Même s'il est souhaitable de tenir compte des transformations de la
batellerie hexagonale, on ne peut oublier que
l'on ne construit pas des
infrastructures pour les transporteurs, mais avant tout pour les chargeurs
.
Or, ceux-ci ont intérêt à disposer de l'offre logistique la
plus diversifiée afin de satisfaire l'accroissement des échanges
de fret dans l'espace communautaire.
Reste un argument souvent opposé au transport fluvial :
quelle sera
la rentabilité des liaisons futures ?
Dans le passé, l'évaluation du trafic prévisionnel des
liaisons nouvelles a donné lieu à d'interminables querelles de
chiffres. Chacun s'accorde aujourd'hui à penser que les modèles
de calcul utilisant des équations de report de trafic d'un mode à
l'autre sont trop grossiers.
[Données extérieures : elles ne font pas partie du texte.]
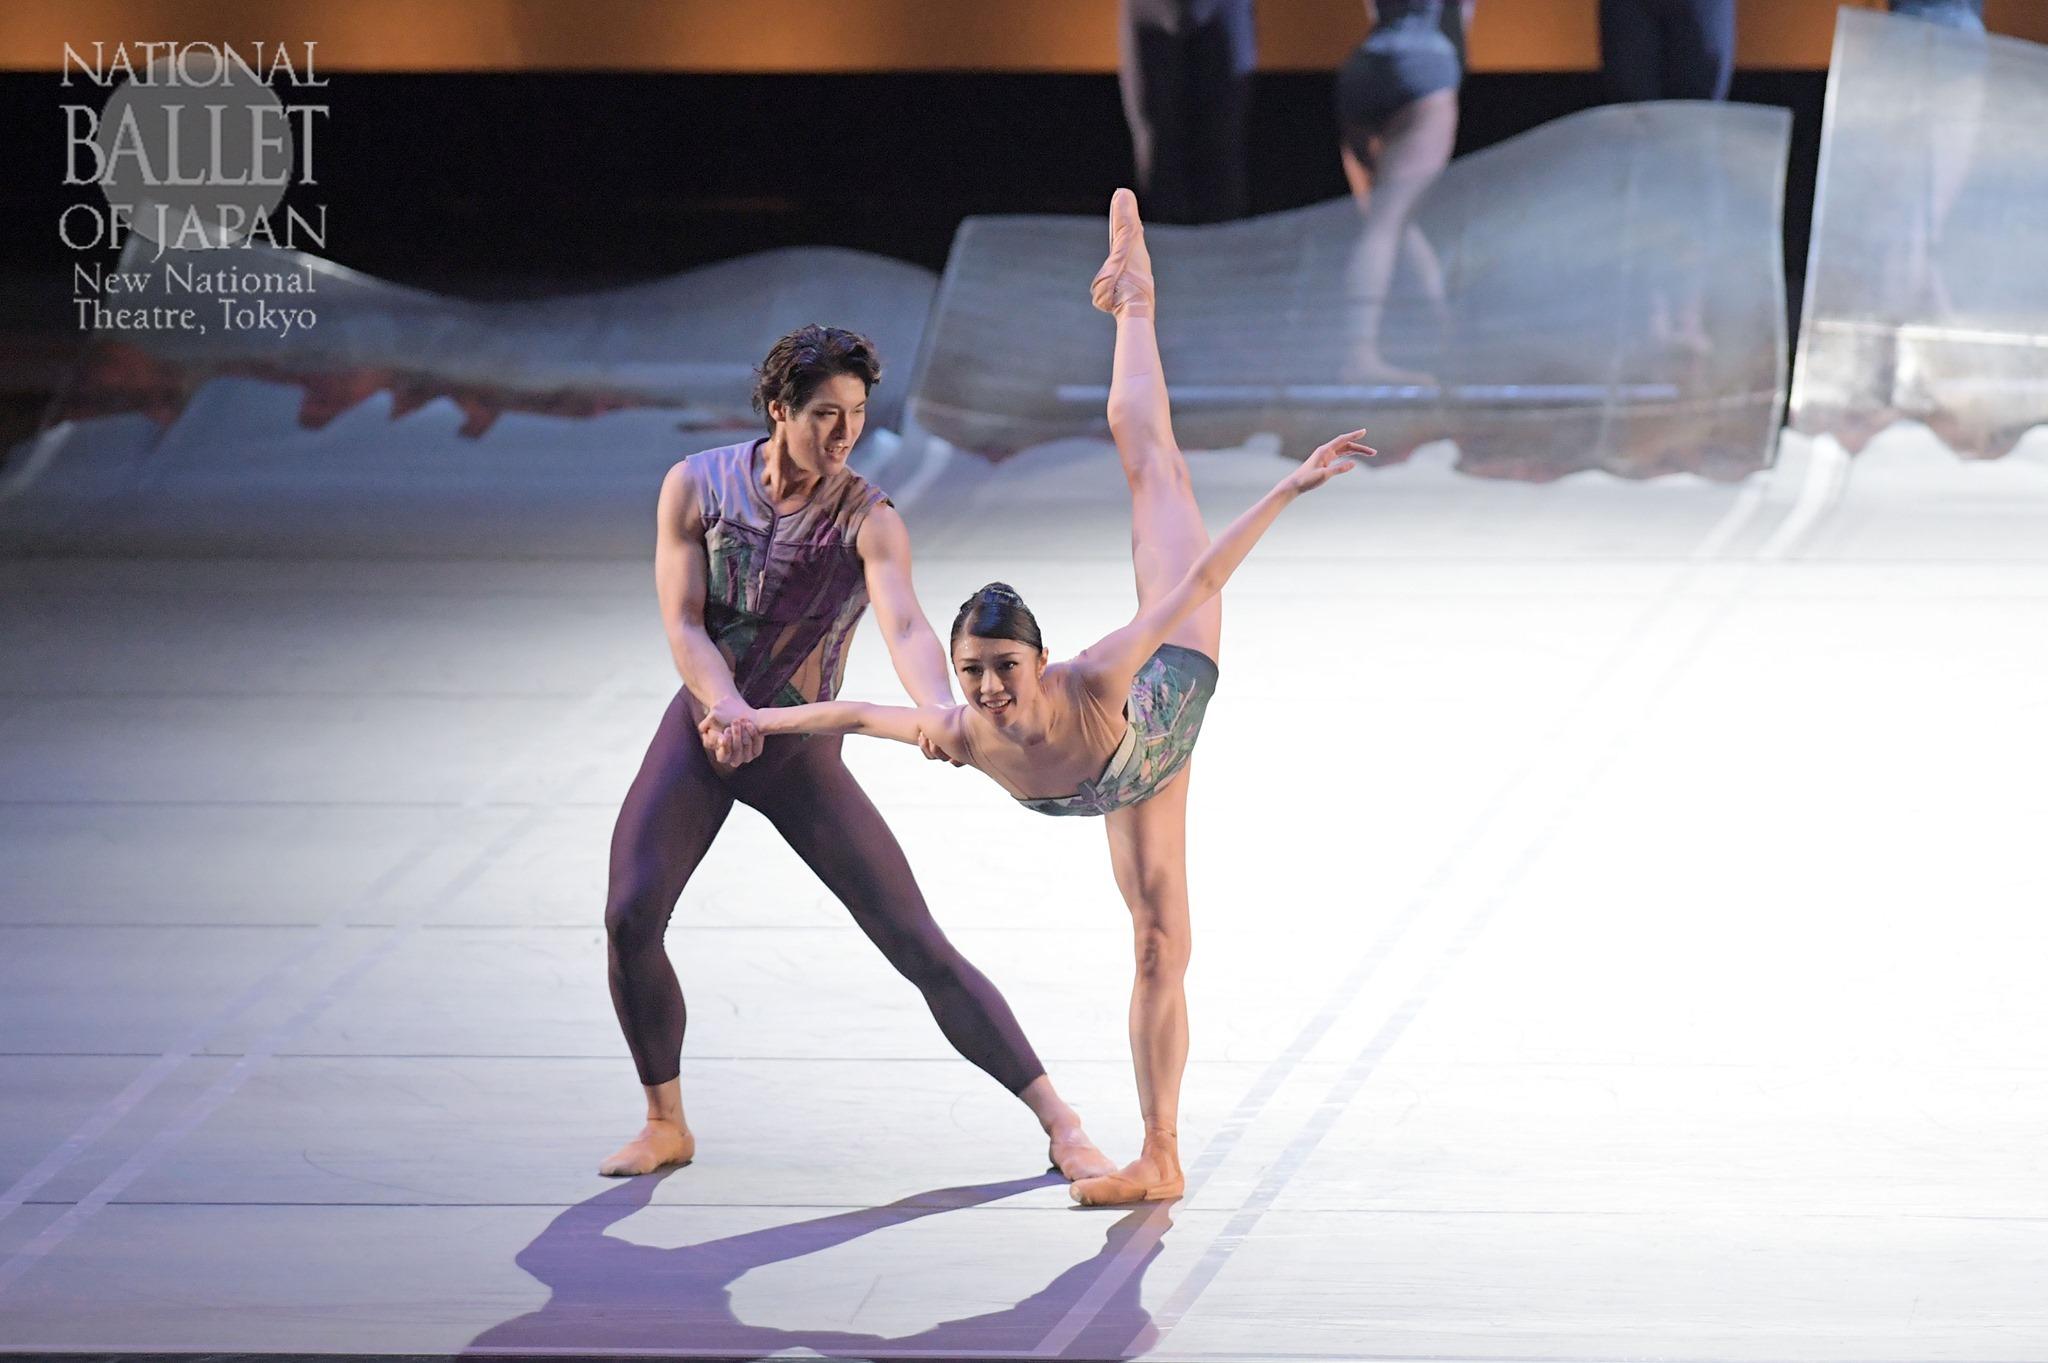 『DGV Danse à Grande Vitesse ©』寺田亜沙子、福岡雄大(撮影:鹿摩隆司/写真提供:新国立劇場)

Il est donc nécessaire de recourir à
des enquêtes auprès des chargeurs, à l'instar de celles
réalisées pour le projet de canal " Seine Nord ".
Cependant, ces analyses fines de la demande ne parviendront à convaincre
ni les sceptiques ni les concurrents de la voie fluviale. Une haute
personnalité insistait sur ce point devant votre commission
d'enquête en évoquant le projet Rhin-Rhône. Elle se
déclarait "
frappée de l'incapacité de beaucoup de
milieux à comprendre que c'était
un pari sur des structures
nouvelles
".
La réalisation d'infrastructures transeuropéennes tient en partie
du pari.
Sans nul doute, serait-il nécessaire de s'inspirer de la
stratégie néerlandaise. Le rapport précité du
sénateur Marc Massion sur les ports souligne que "
nos voisins
n'hésitent pas à se lancer dans des investissements portuaires
apparemment surdimensionnés, convaincus qu'une fois en place, les
installations sauront générer le trafic
"
22(
*
)
Le
soutien à la profession batelière
et la
mise
à niveau des voies fluviales existantes
sont indissociables d'une
politique tendant à constituer un réseau fluvial français
à grand gabarit connecté au réseau européen.